WHAT THIS TASK INVOLVES >>
Write every line below out again exactly, images omitted.

SOURCE DATA >>

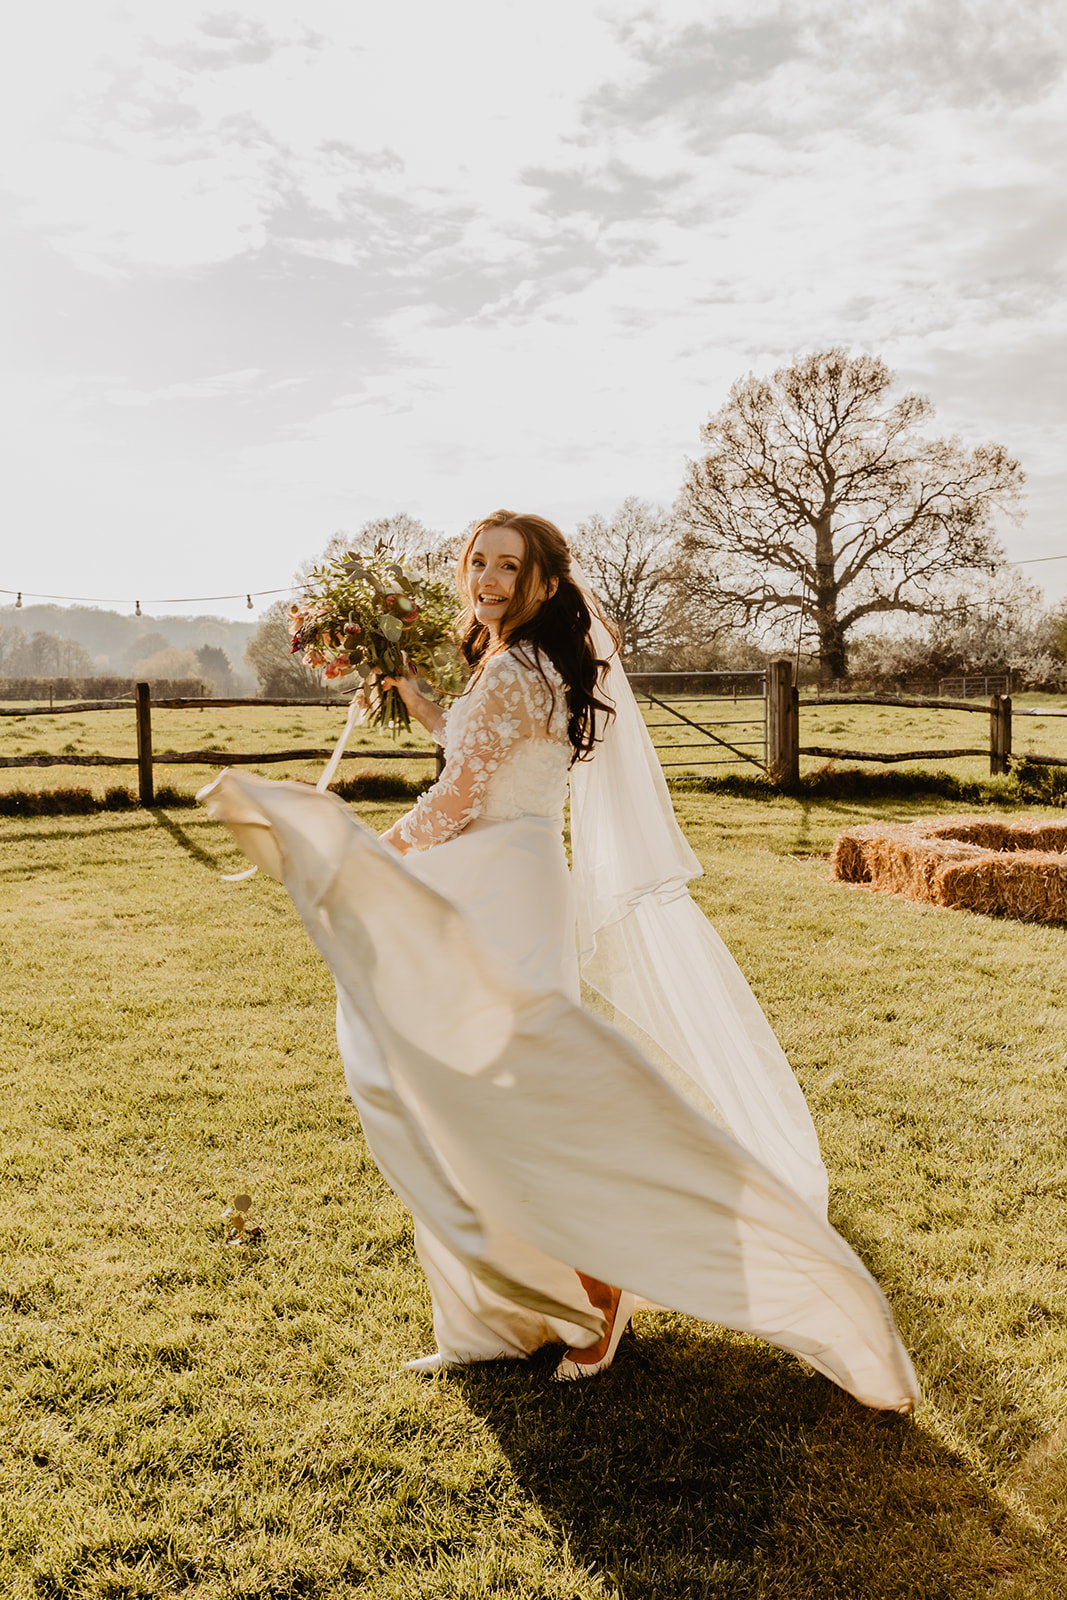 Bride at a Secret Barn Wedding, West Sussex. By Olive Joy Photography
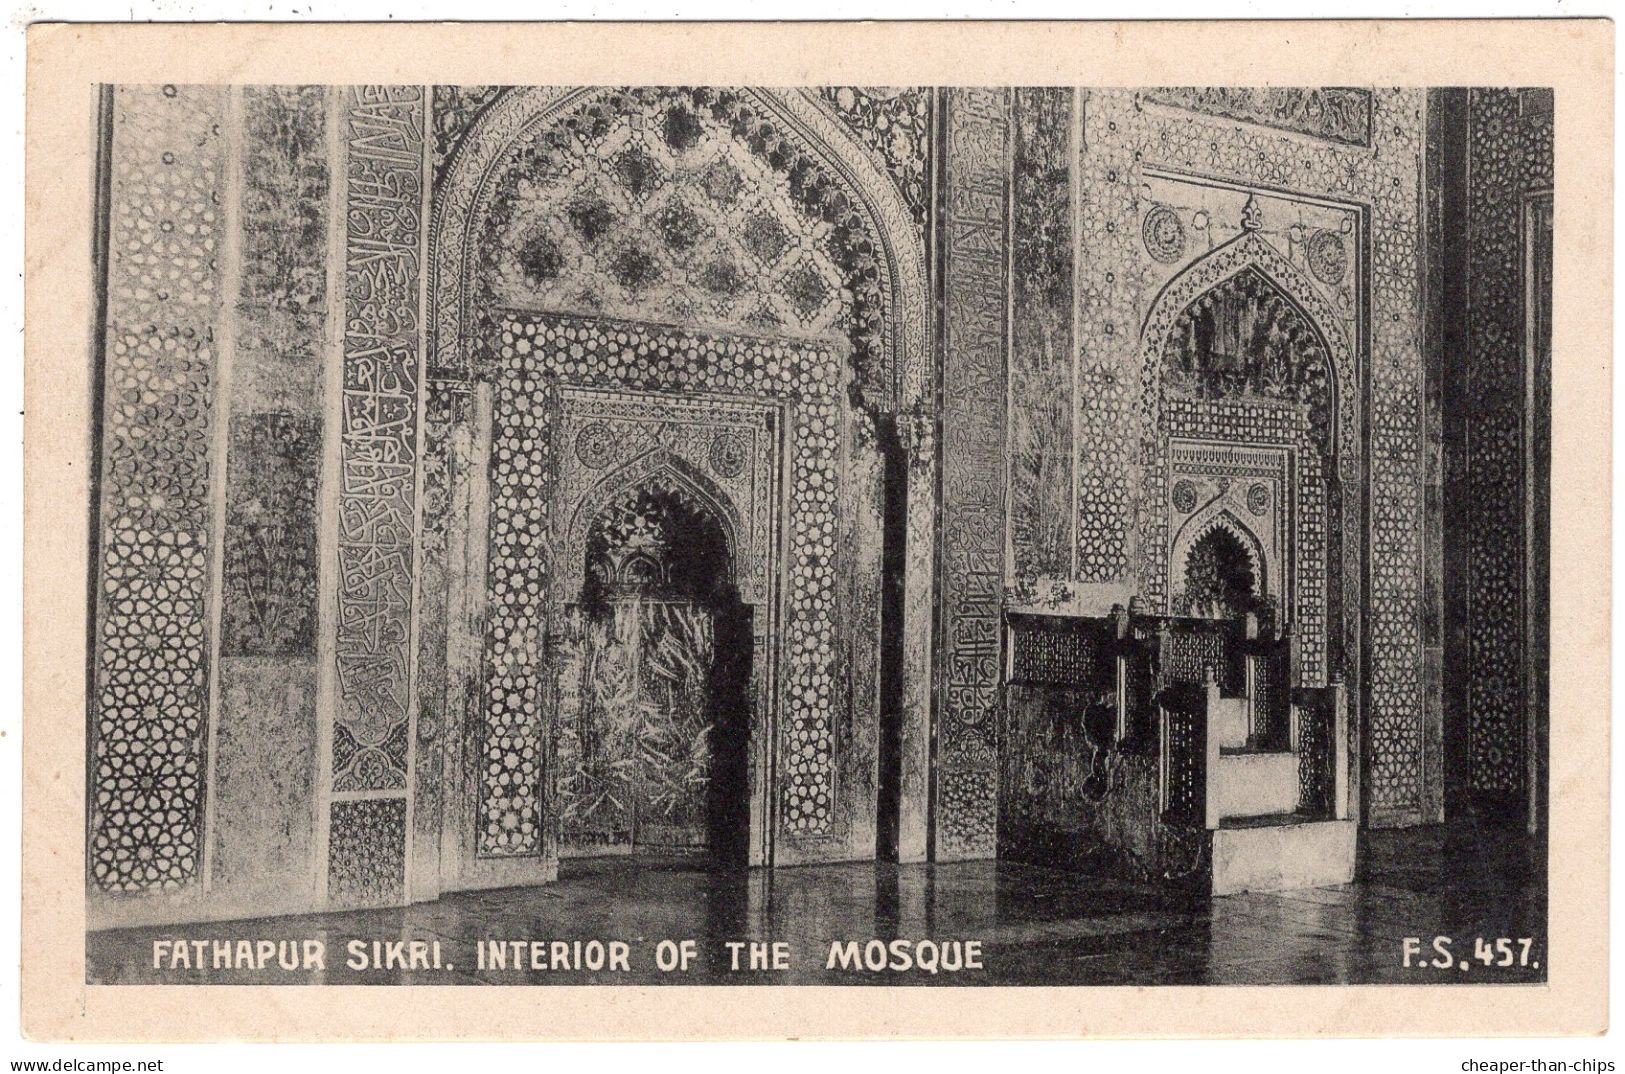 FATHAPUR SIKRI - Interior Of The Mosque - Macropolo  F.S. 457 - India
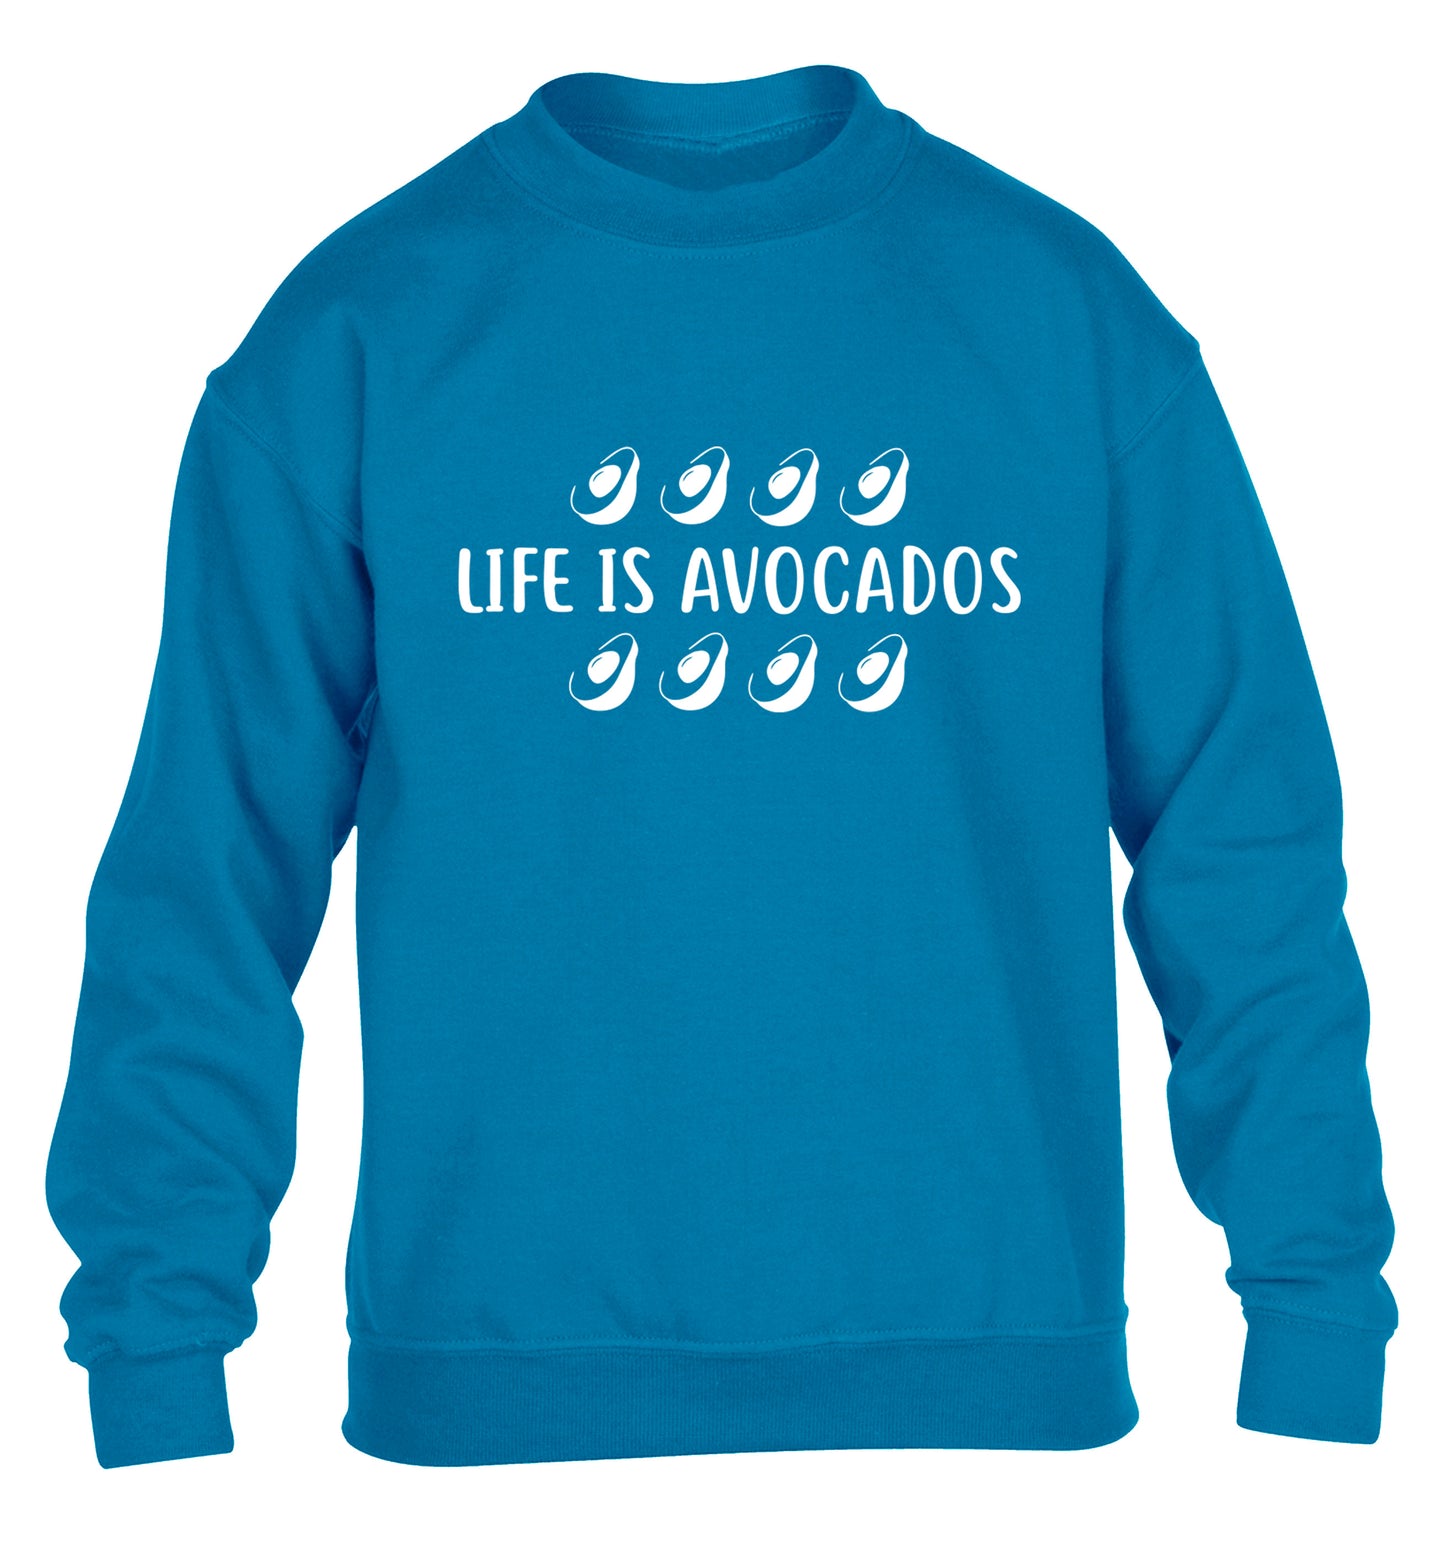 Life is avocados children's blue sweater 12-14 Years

RESULT FOR THIS EXERCISE >>
 Bride at a Secret Barn Wedding, West Sussex. By Olive Joy Photography
 FATHAPUR SIKRI - Interior Of The Mosque - Macropolo  F.S. 457 - India
 Life is avocados children's blue sweater 12-14 Years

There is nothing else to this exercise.